Mijn schriftelijk antwoord in verband met deze aanbeveling heb ik op 3 december 2007
overgemaakt. Mijn repliek bevat de volgende krachtlijnen:
-
Inzake de verbetering van de overgang onderwijs – arbeidsmarkt, stelde ik dat dit een van
de topprioriteiten uit mijn beleidsnota 2004-2009 is. Sindsdien zijn heel wat initiatieven
opgestart om deze samenwerking te bevorderen. Ik denk aan de projecten Accent op
Talent en de Proeftuinen, de verplichting voor scholen om stages in bedrijven te
organiseren, enz.
-
Omdat de autonomie van de lidstaten en de opleidingsverstrekkers in de vormgeving van
het curriculum zeer belangrijk is, is de Vlaamse overheid geen pleitbezorger van de
harmonisering van diploma’s en opleidingen. Wel kunnen we onze volle steun verlenen
aan Europese initiatieven die de vergelijkbaarheid van diploma’s en opleidingen
bevorderen en zo de mobiliteit van studenten en werknemers stimuleren.
-
Wat betreft grensoverschrijdende samenwerking antwoordde ik dat de bevordering van de
samenwerking tussen Vlaanderen en Nederland een grote prioriteit is van het
onderwijsbeleid in Vlaanderen.
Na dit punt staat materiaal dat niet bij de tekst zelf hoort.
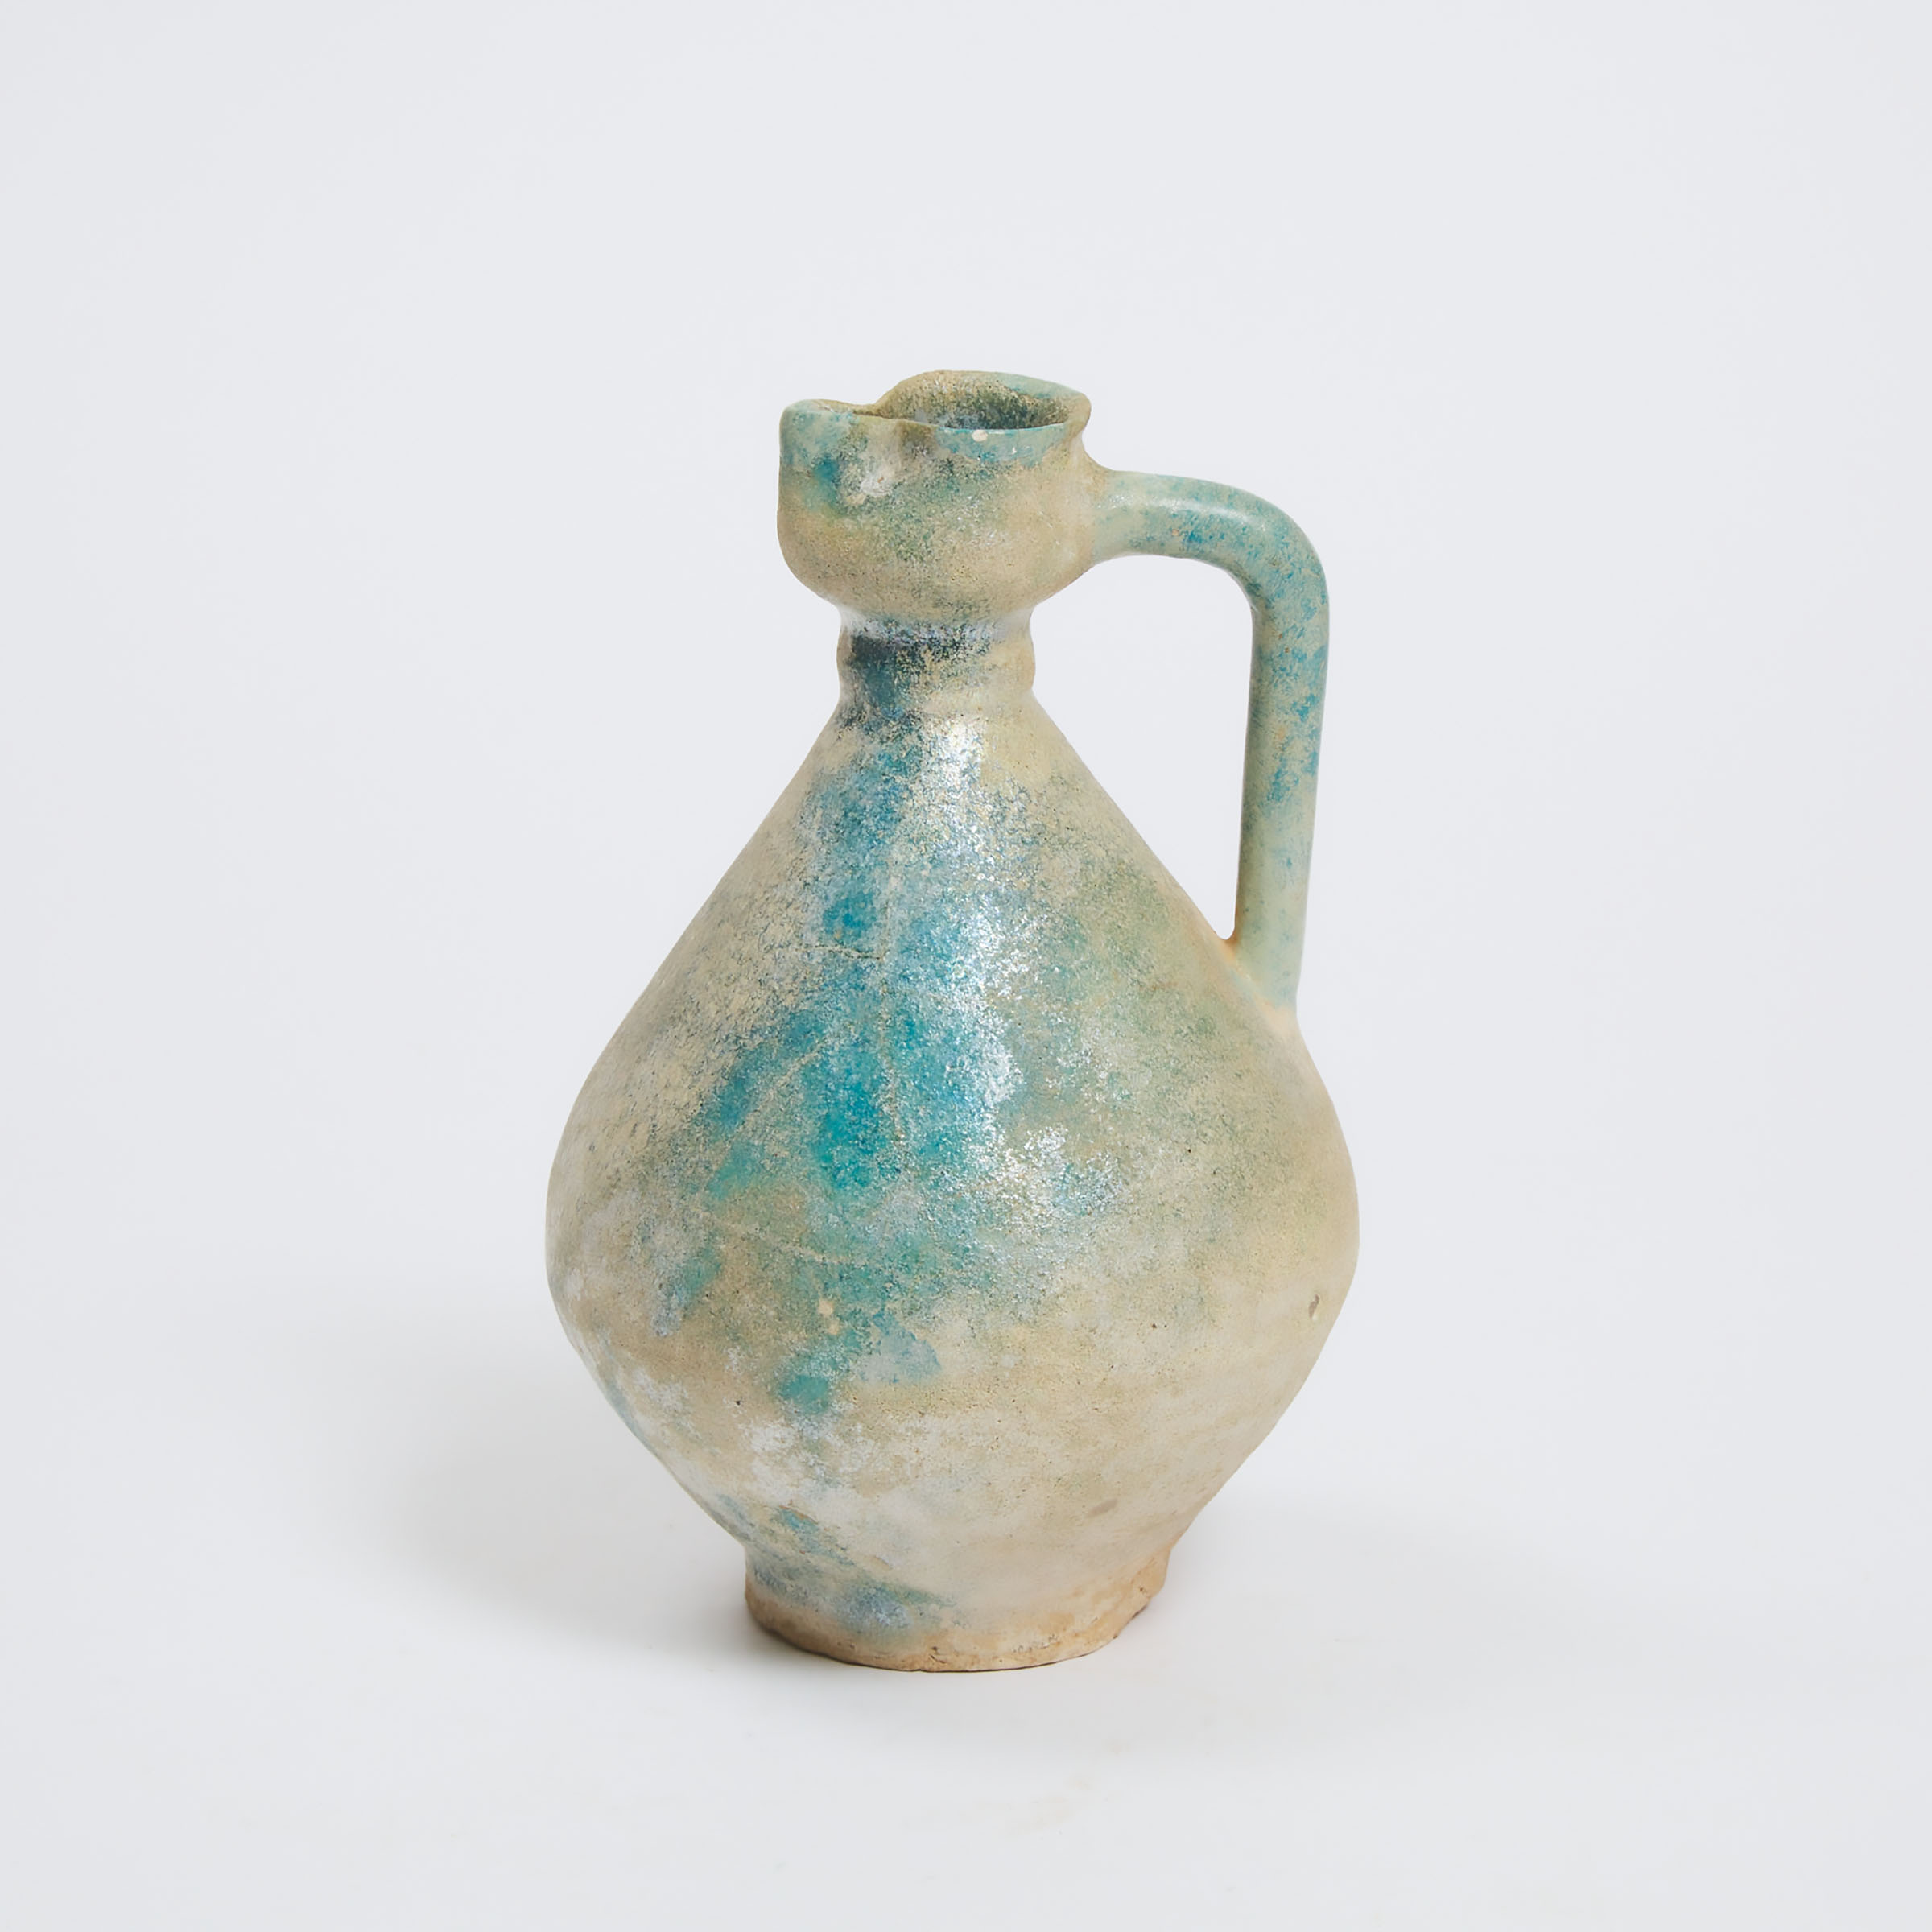 A Nishapur Turquoise-Glazed Pottery
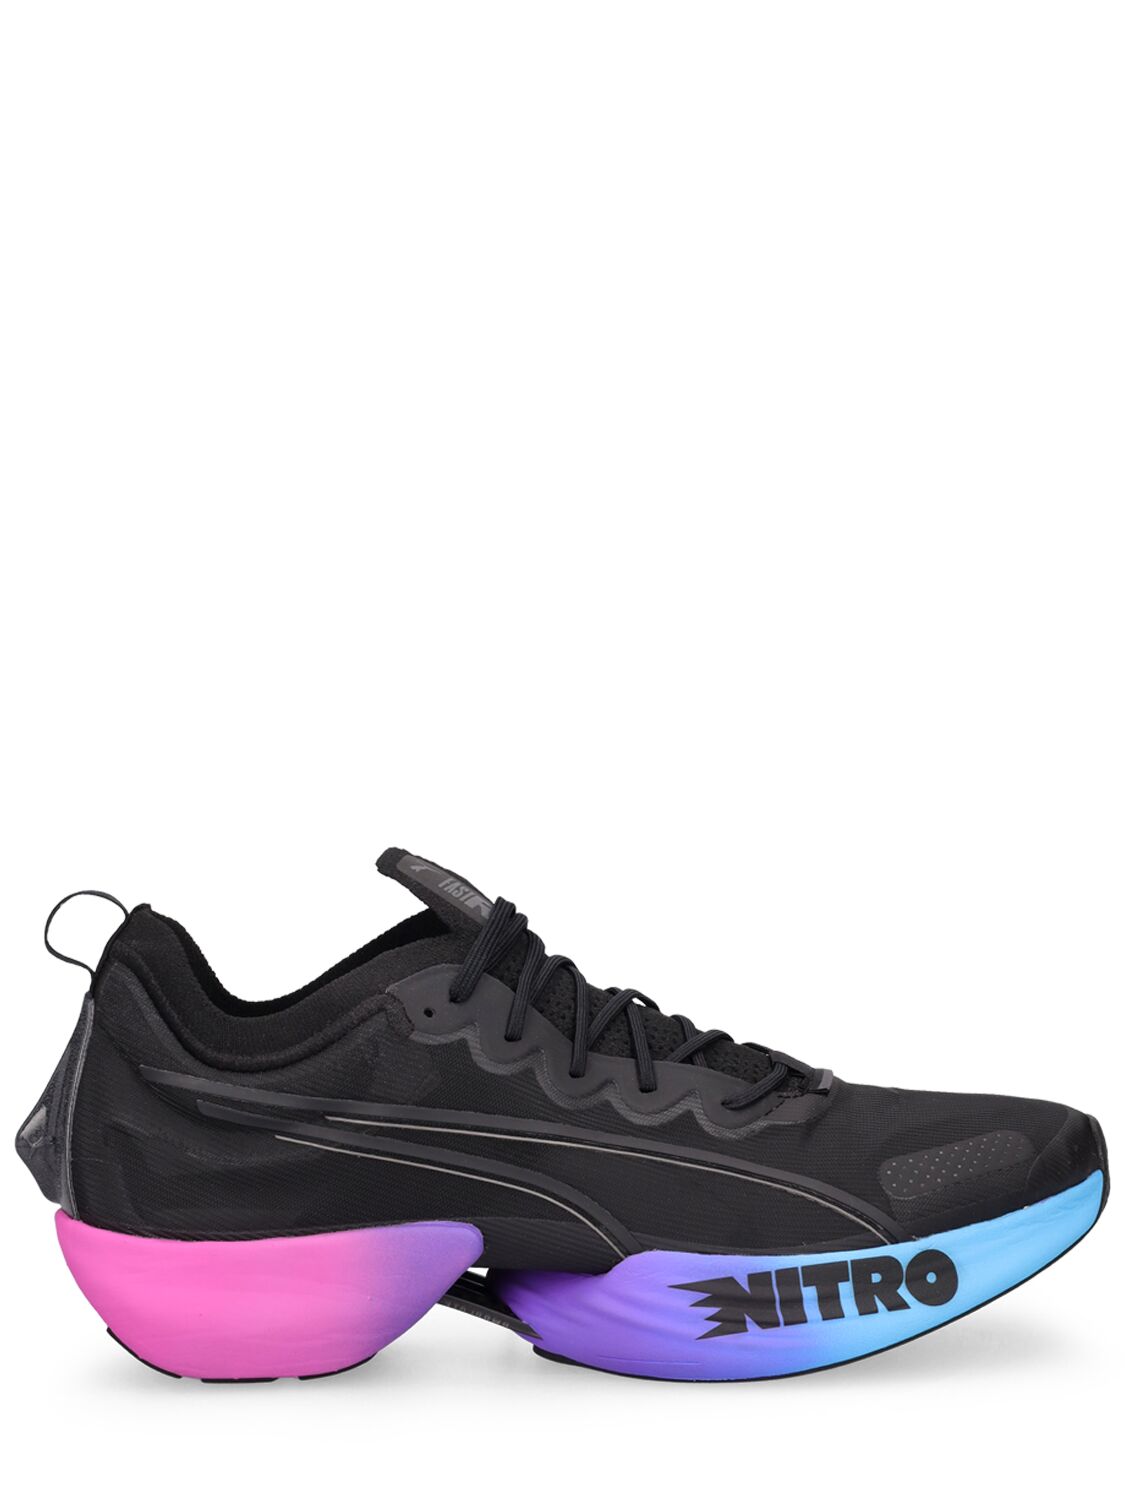 Fast-r Nitro Elite Sneakers

Gezien de gemeenschappelijke onderwijstaal ligt dit voor
de hand. Vlaamse onderwijsinstellingen in de grensregio’s werken via allerlei netwerken
intensief samen met hun Nederlandse collega’s. Ik kan in deze ook verwijzen naar de
GROS (grensoverschrijdende Samenwerkings)-projecten, aangemoedigd en gesteund door
de Vlaamse overheid.
-
Op het vlak van Europese samenwerking is Vlaanderen steeds een actieve partner. De
Vlaamse overheid is een voorloper geweest bij de invoering van het ECTS-systeem. Alle
instellingen voor hoger onderwijs zitten in de Bologna-structuur. Vlaamse onderwijsinstellingen, hiervoor financieel en logistiek ondersteund door de overheid, zijn bijzonder
actief in de Europese communautaire programma’s ter bevordering van mobiliteit.
-
In dit alles is de aandacht voor de mobiliteit van de sociaal minder begoeden een
constante.
Samengevat, de elementen opgenomen in de aanbeveling inzake “Grensoverschrijdende
samenwerking inzake onderwijs” zijn terug te vinden in tal van Vlaamse beleidsinitiatieven.
Bovendien maakt Vlaanderen ter ondersteuning van de mobiliteit binnen de Benelux in de
eerste plaats gebruik van de instrumenten en mogelijkheden die gecreëerd worden voor de
ondersteuning en de bevordering van de mobiliteit in de Europese Unie.